Ms Slape agreed a small bedroom apartment is still accessible in the $500,000 price range close to the city, while moving to the outer suburbs allows for securing a three- or four-bedroom home with a small backyard ideal for a family.
“A unit in north-west Adelaide suburb Findon can be bought for $345,000-$375,000, which is the type of opportunity that would suit an investor or owner-occupier first home buyer.
“The median price for an apartment in Adelaide is $445,000, which also opens great opportunities for investors who want a low maintenance unit in a prime location and because Adelaide apartments generally always attract a strong tenant pool.”

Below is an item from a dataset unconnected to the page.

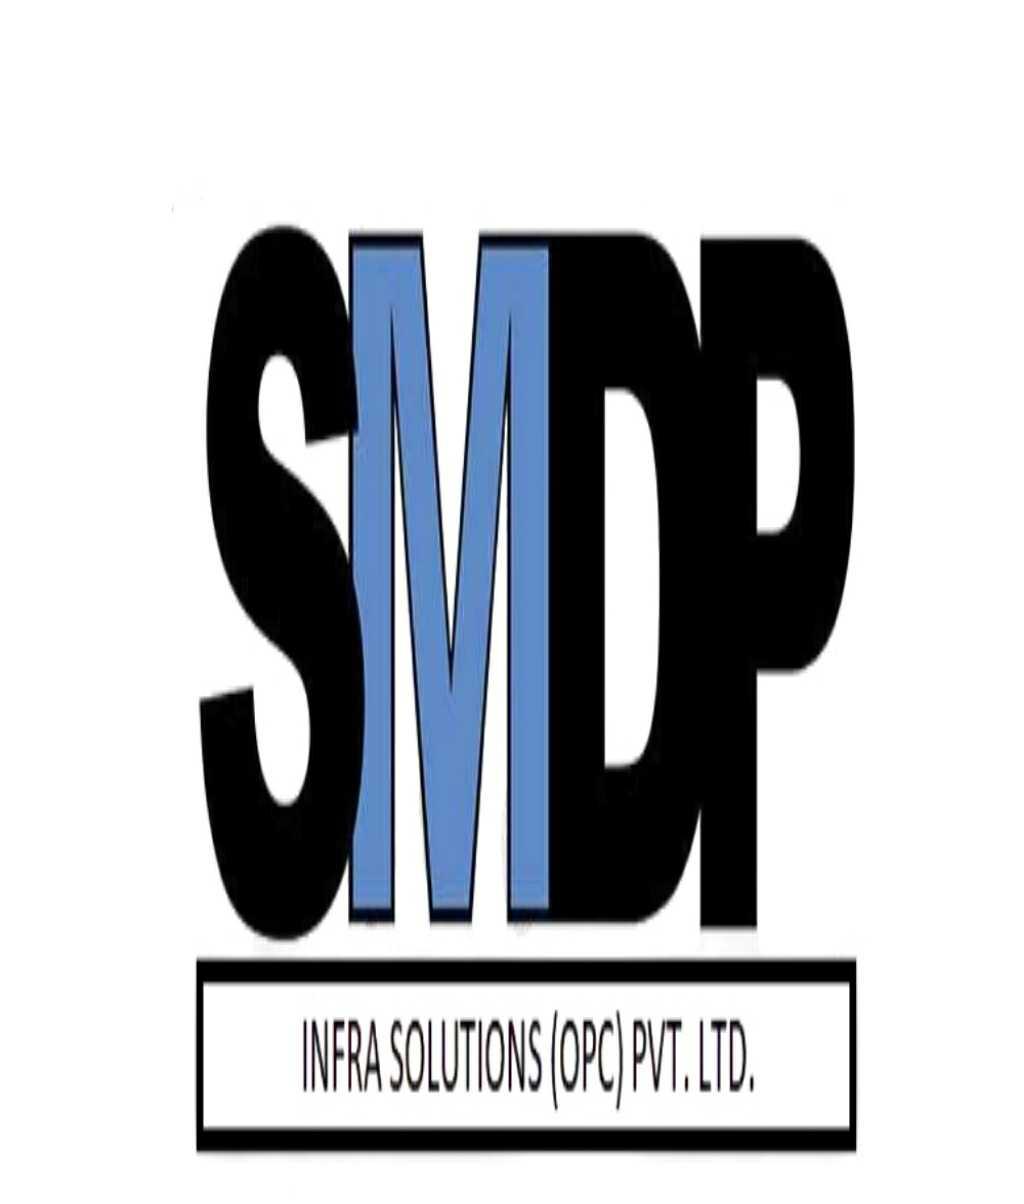 SMDP INFRASOLUTIONS (OPC) PRIVATE LIMITED

“It’s just important to research the building and understand the strata costs in these complexes to ensure a stable long-term investment strategy.”

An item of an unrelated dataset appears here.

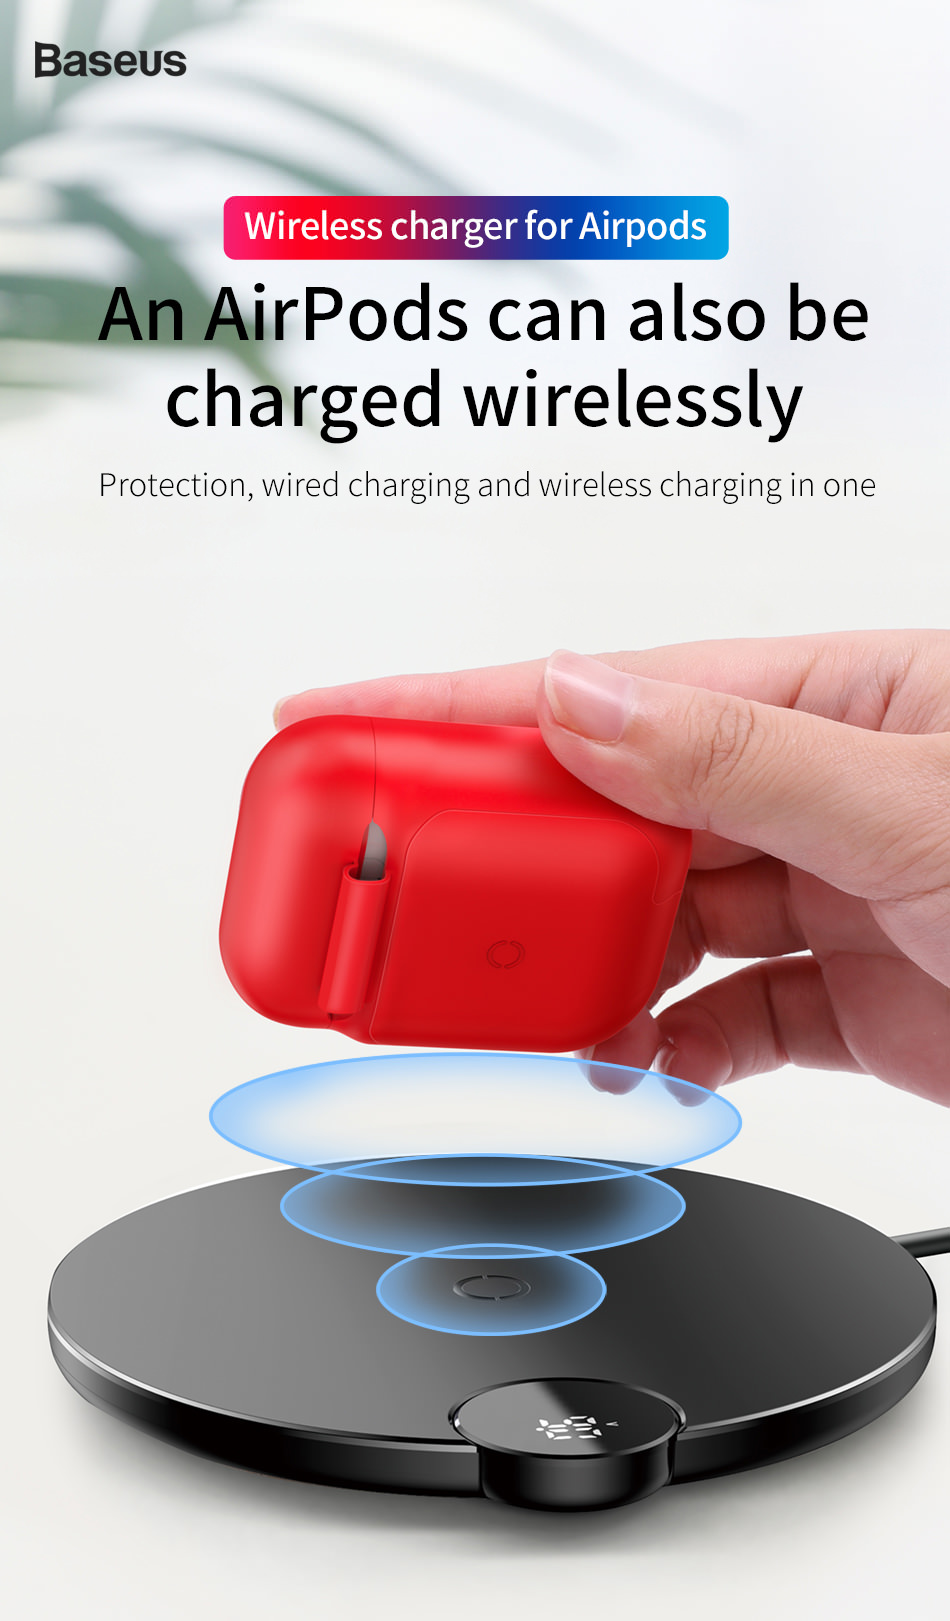 baseus wireless charging case airpods

Nerida Conisbee, Chief Economist, Ray White Group released new data showing Adelaide had some of the strongest apartment price increases, up more than 0.3 per cent in July.
“There was no capital city that recorded a decline in apartment prices over the month and all cities are now recording significant increases over the past 12 months.
“Brisbane and Adelaide are recording the largest increases, while rental growth is also starting to slow for houses across Australia but remains strong for apartments, and one positive about the growth, particularly in apartments, is that it is likely making more new projects viable and this will ensure greater housing supply over the next two years.”